The touchpad and share/options buttons are coming back in as well. I used the red shell again. The inner workings come back into the shell. Now the screwing is due again. If you are using a new shell, screwing may be a little harder. After all, the screw is also drilled into the plastic of the shell, which may cause a little resistance the first time.

The touchpad is connected again. Grab the blue auxiliary strip again - with pliers, tweezers or fingers - and insert it into the corresponding device.

Now it’s best to turn the controller over and check all the buttons for function. Do all buttons, sticks and triggers have the same feel as before? Then you can move on.

Put the battery back in its designated place and put the reset button back in.

Plugs in the battery - easy peasy.

Now the back shell comes into play again. Best lay it out as shown in the picture.

Now connect the light again. This is relatively easy to do by hand. Make sure that the contacts point to the right side. Theoretically, you can skip this step, but then the lamp won’t light up and you’ll probably save some battery power. The problem is that the mini-USB port is also connected to it. If you don’t connect the cable, you won’t be able to charge the controller - stupid.

Now put the shell back on and press it closed if everything fits. One last check to make sure everything works as it should and then you can screw it back on. The new controller is ready!

Problem: One or both triggers came off.

Since this also happened to me on the first try, I’ll describe again how to solve this problem. If you push the triggers in when you take the shells apart, it really shouldn’t happen, but it is possible for them to come off.

Make sure the rubber is properly seated before inserting. If it is not, the corresponding trigger will not be able to be pushed all the way through. Put the spring on the trigger. If R2 is off, put the spring on the right side. With L2 it goes on the left side

Fiddle the spring into the small notch on the controller. This is a bit tedious and may take a few tries.

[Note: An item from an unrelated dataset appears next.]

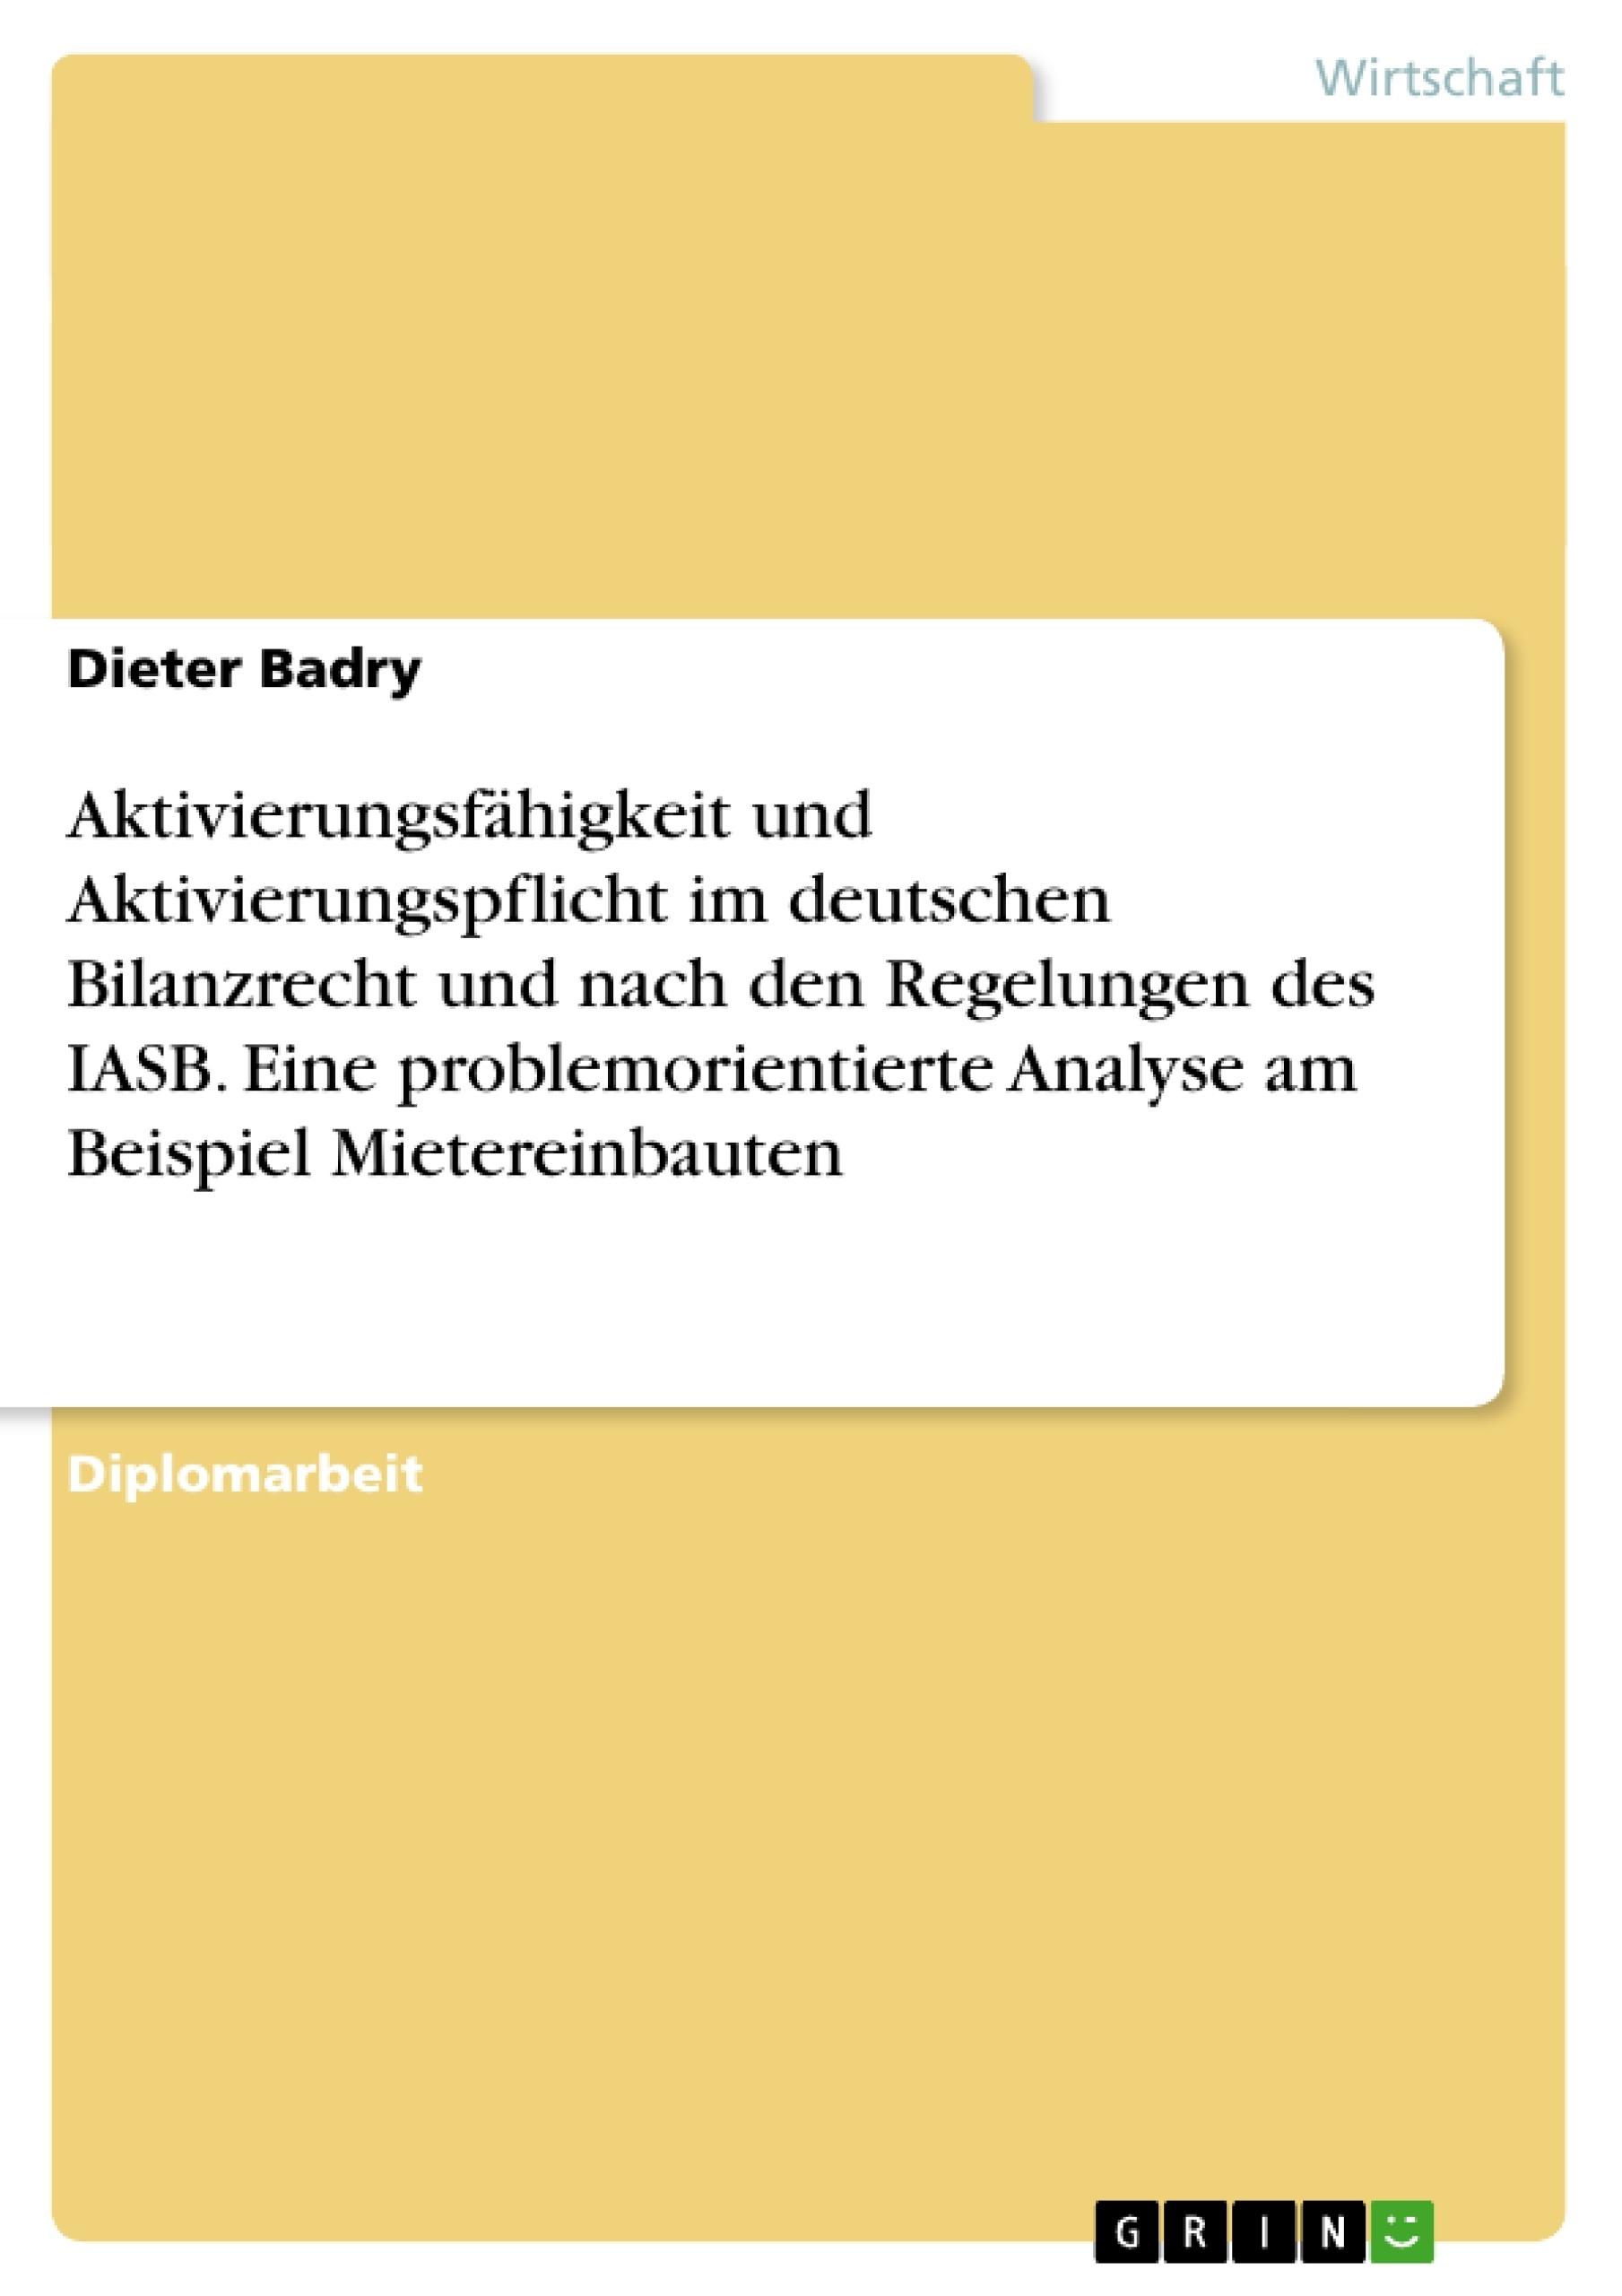 Titel: Aktivierungsfähigkeit und Aktivierungspflicht im deutschen Bilanzrecht und nach den Regelungen des IASB. Eine problemorientierte Analyse am Beispiel Mietereinbauten

Once it’s in and the whole thing looks like the picture, you can use a little force to snap the trigger into place, which solves the problem. I read a lot of scaremongering beforehand about being careful not to take the trigger out. In fact, this is a really small problem that can be solved very quickly. So if it happens to you - no big deal at all. Just follow the steps until you get to the second to last step. Before you put the back shell on, put the trigger back in.

PS4 controller modding may look like a lot of work, but you can be sure that even the first attempt will take half an hour at most. The more often you go through this procedure, the faster you’ll be able to swap out your desired parts. So whether you want to replace your sticks, paint or change the shell, change the battery, or simply clean dirt off individual parts - it’s worth it. I would be very grateful for any advice on recommendable stores and other tips. If you have problems with the procedure, I can try to help you. If you are especially proud of your modified controller, feel free to share pictures of the pad with us, we would be happy!